At 3–4 months of age, the infant develops more consistent sleeping blocks, which can be a source of relief to the parents, who will say the baby now “sleeps the whole night through.” During the first 6 months of life, melatonin secretion matures concomitantly, with a strong correlation between melatonin levels and sleep/wakefulness cycles. This correlation is not observed in children who have lost their vision. The aberrant sleep patterns of blind infants tend to improve with use of exogenous melatonin.

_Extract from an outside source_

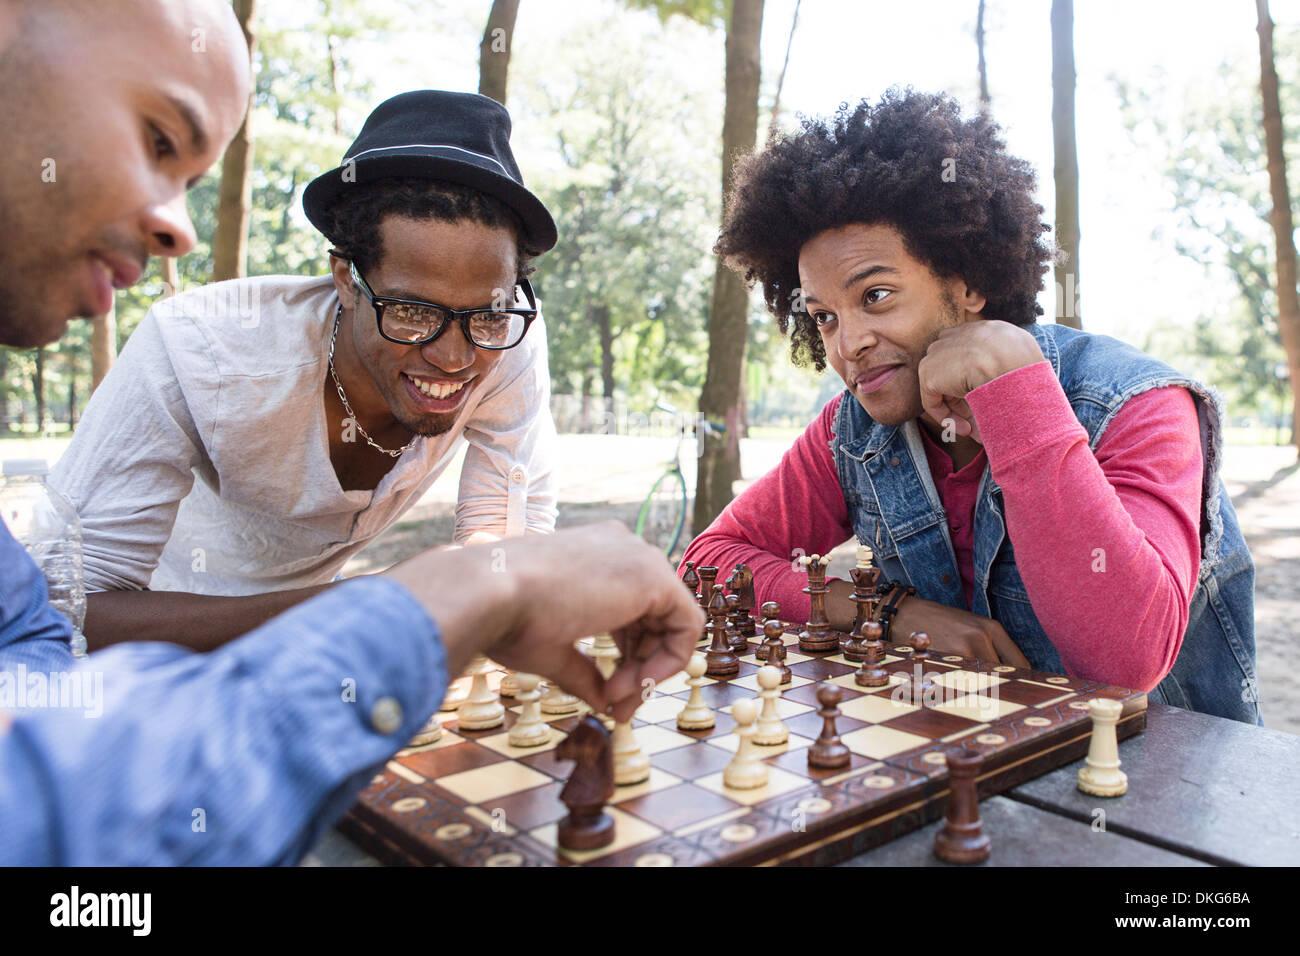 Trois jeunes hommes jouant aux échecs dans le parc Photo Stock

Nap taking begins to decrease at 6 months of age, and the majority of infants continue with two naps in the second semester of life. Most infants immediately begin with REM sleep or with significantly shorter REM latency than adults. The REM cycles get longer with the passing months. The time passed in REM sleep decreases progressively from 50% of the total sleep time in small infants to less than 30% as they reach the age of 1 year.

The response of infants to arousals matures rapidly in the first 9 months of life. The response to hypoxia with arousals decreases toward week 9, because of which responses to microawakenings gradually shift from subcortical to cortical responses.

One theory for infant sudden death is a failure to adapt an arousal response to particular stimuli or a toxic substance. It is especially important with infants to prepare guidelines to prevent sudden death: the baby should sleep on his or her back, the bed should not be shared, and exposure to cigarette smoke should be avoided. A low socioeconomic level and prematurity have also been identified as risk factors for infant sudden death. The reticular formation of the brain stem is involved in balancing inhibitory and excitatory impulses that collect sensorial, somatic, and chemical/mechanical receptor–sourced information. The progression of microawakenings in response to stimuli, such as tactile stimuli and an increase in CO2, have demonstrated an ascending spinal, subcortical, and cortical pattern. Waking begins with small subtle movements, following by swaying, and culminating in eye opening and full awakening, with the shift to wakefulness. These microawakenings occur in both active and quiet sleep.

Preschool Children and Older Infants (1–3 Years of Age)

The sleeping habits of small preschool children is biphasic, with sleep concentrated in the night and two naps during the day. The sleep/wakefulness cycle gradually consolidates, and by the age of 3 years the child usually has only one nap during the day. By the age of 6 years, naps have become abnormal and suggest a sleep-specific disorder. REM sleep decreases gradually at this stage, reaching 30% after the age of 1 year. By 9–11 years of age, the REM/NREM ratio is similar to that in adults. EEG spectral analysis can show the changes over time during this period.

Parallel to the decrease in REM sleep, the total sleeping time decreases from 16–18 hours to ≤9 hours at the postpuberty stage. The average number of hours of sleep at the preschool stage is 10 hours.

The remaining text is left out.